Tuesday, October 27, 2009

What if a reporter calls?

If the media picks up a news release or story pitched to them, CONGRATULATIONS! You are being blessed with free publicity. Do not be afraid to interact with reporters and always make yourself available.

Here are some tips to help you get ready for and respond to a reporter's questions. REMEMBER: You can always contact me
for help.

First Things First
  • Write down the reporter's name, where they are from, phone number, and story deadline.
  • Ask what s/he is doing a piece about.
  • If it is TV or radio, ask if the interview will be live or taped.
  • Determine who the appropriate person is to answer questions on the topic.
  • If you are the appropriate person but are not prepared to talk, simply ask if you can call back at a specific time, but respect the reporter's deadline. Even 15 minutes will give you time to get ready.
  • If you are not the appropriate person, assign an available expert who will positively reflect the library and then help him/her prepare.
  • Remember that reporters' schedules are determined by "breaking" news. Do not be offended or snide if an interview gets canceled or rescheduled because a more urgent story arises.

Get Prepared

  • Jot down a few notes on the topic you want to be sure to get across. Do not write sentences, just bullet points.
  • Avoid library jargon; use lay terms.
  • Make sure your points are clear and to-the-point.
  • Be prepared to support your message with brief examples and facts.
  • Keep in mind what your patrons need/want to know and how the topic will impact them.
  • Practice.

And, We're Live!

  • Know that everything you say is on the record, from the time you meet or talk with the reporter until s/he leaves the room or hangs up. There is no such thing as off-the-record.
  • Respond to the reporter's questions with confidence and enthusiasm. You may be someone's first impression of the library, so make it the best possible.
  • Start with the basics. Offer a brief background on the subject if the reporter appears to need it.
  • Be brief! Reporters are looking for a sound bites and short clever quotes. Television and radio may use only a 10-20 second cut of your entire interview.

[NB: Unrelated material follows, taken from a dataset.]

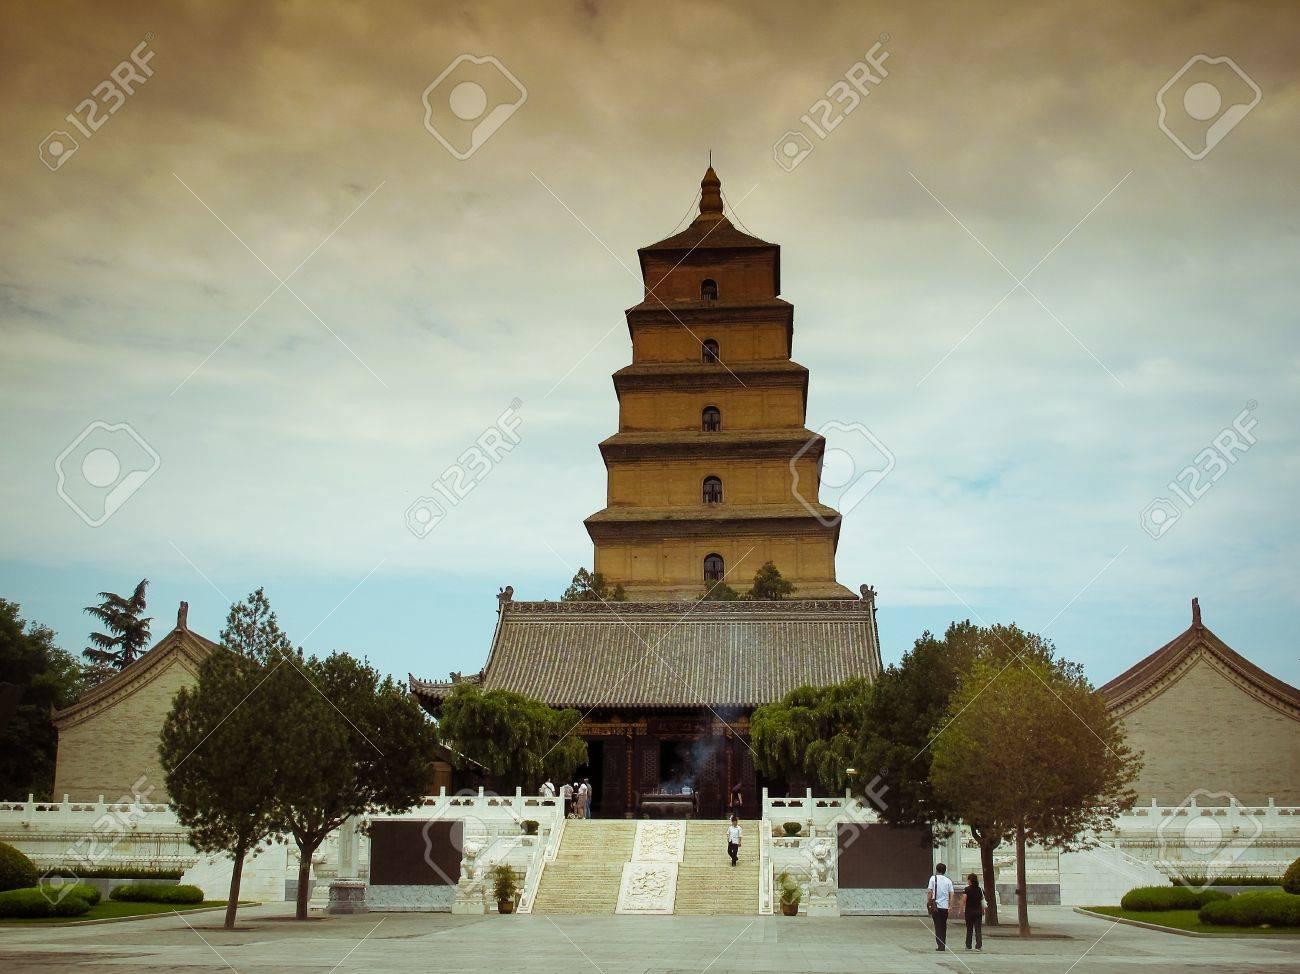 Giant Wild Goose Pagoda - Buddhist pagoda in Xian, China. - 9509682
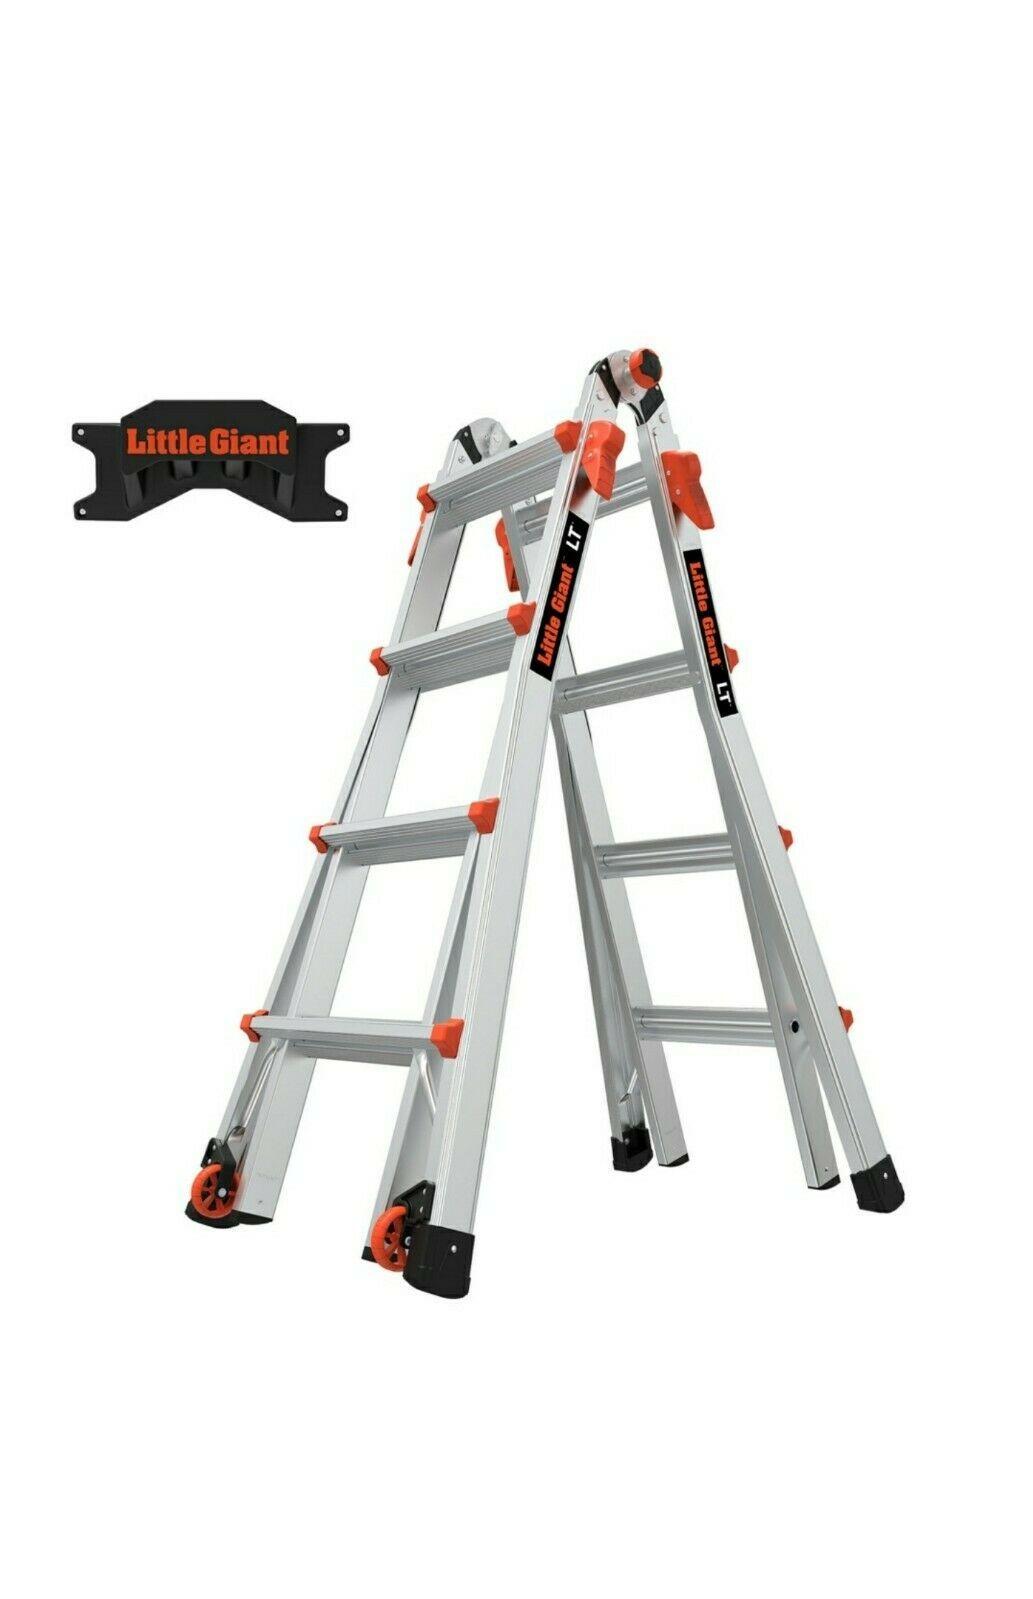 Little Giant Lt M17 Ladder With Storage Rack Multi Position Ladder Aluminum 17ft In 2020 Ladder Storage Ladder Decor Black Bar Stools

The shorter your comments, the less likely they are to be taken out of context.
  • Keep the interview positive, even if the subject is negative or the reporter's questions turn negative.
  • If the reporter's questions veer off track, politely steer the interview back to your message. Stick to your main points and do not allow yourself to get drawn off on tangents. Repeat your point(s) if necessary to get back on track and don't talk too much.
  • Repose the questions in your responses. The reporter's questions may be edited out and your responses should stand on their own.
  • If you do not understand a question, ask for clarification. If you do not have the answer, say so. Tell the reporter where to find the information, or offer to get back to them with the answer.
  • Never say, "no comment." If you cannot or do not choose to answer a question, explain briefly. For example, "It is our policy not to discuss lawsuits currently in litigation" or "I can't answer that because I haven't seen the research paper you are referring to."
  • If the reporter runs out of questions or does not know what to ask, steer. Talk about the story topic in terms like "many people ask . . ." or "our readers most like to . . ." or "we get in excess of 100 attendees when we . . . " or "blank really attracts kids in our community." Build a relationship with the reporter by making them feel in control.
  • If you are not sure the reporter understood some of your point, ask him/her if they have any follow-up questions.

Extra Tidbits

  • For television interviews, wear solid color clothing. Stripes, plaids, or other designs can cause problems with color TV pictures. Avoid large, jangling, or reflective jewelry.
  • Look in a mirror, if possible, just before going on camera. The reporter will not tell you that your collar is folded over or your hair is out of place.
  • Choose a quiet location with an attractive motif. Hold your calls and turn off your computer. Avoid rooms with loud background hums from air conditioning or heating units.
  • If you agreed to a live interview, make sure you have practiced thinking on your feet.
  • Do not answer questions too quickly; pause briefly before answering. This helps the reporter get a "clean" sound bite and also has the added benefit of allowing you time to think out your answer.
  • In a TV interview, look at the reporter, not the camera.
  • Stand or sit still during radio or TVs interviews to control volume and noise pollution.


  • Contact the reporter to thank him/her for taking the time to cover the story and for supporting the public/community library.
  • Ask when the story will appear/air. The reporter may not have an answer, but if s/he does s/he'll be happy to tell you.
  • Offer to do a 'fact check'. It is unethical to ask a reporter to share his/her story before publication, but if you offer to check facts, it gives the reporter an extra set of eyes to gain them maximum credibility.

After the Story

  • Give positive feedback to reporters, if merited, after a story appears. Like the rest of us, they usually hear only complaints and rarely get a call or note to say they have done a good job.
  • If an error appears, let the reporter know right away. Sometimes a correction can be printed or aired. You also will want to prevent the incorrect information from being used as background for future stories.
  • If you are unhappy with a story, share your concerns with the reporter first. Contacting his/her editor is a last resort.
These are just a few of the tips that I use and have found on the internet to help make sure your media experience a success.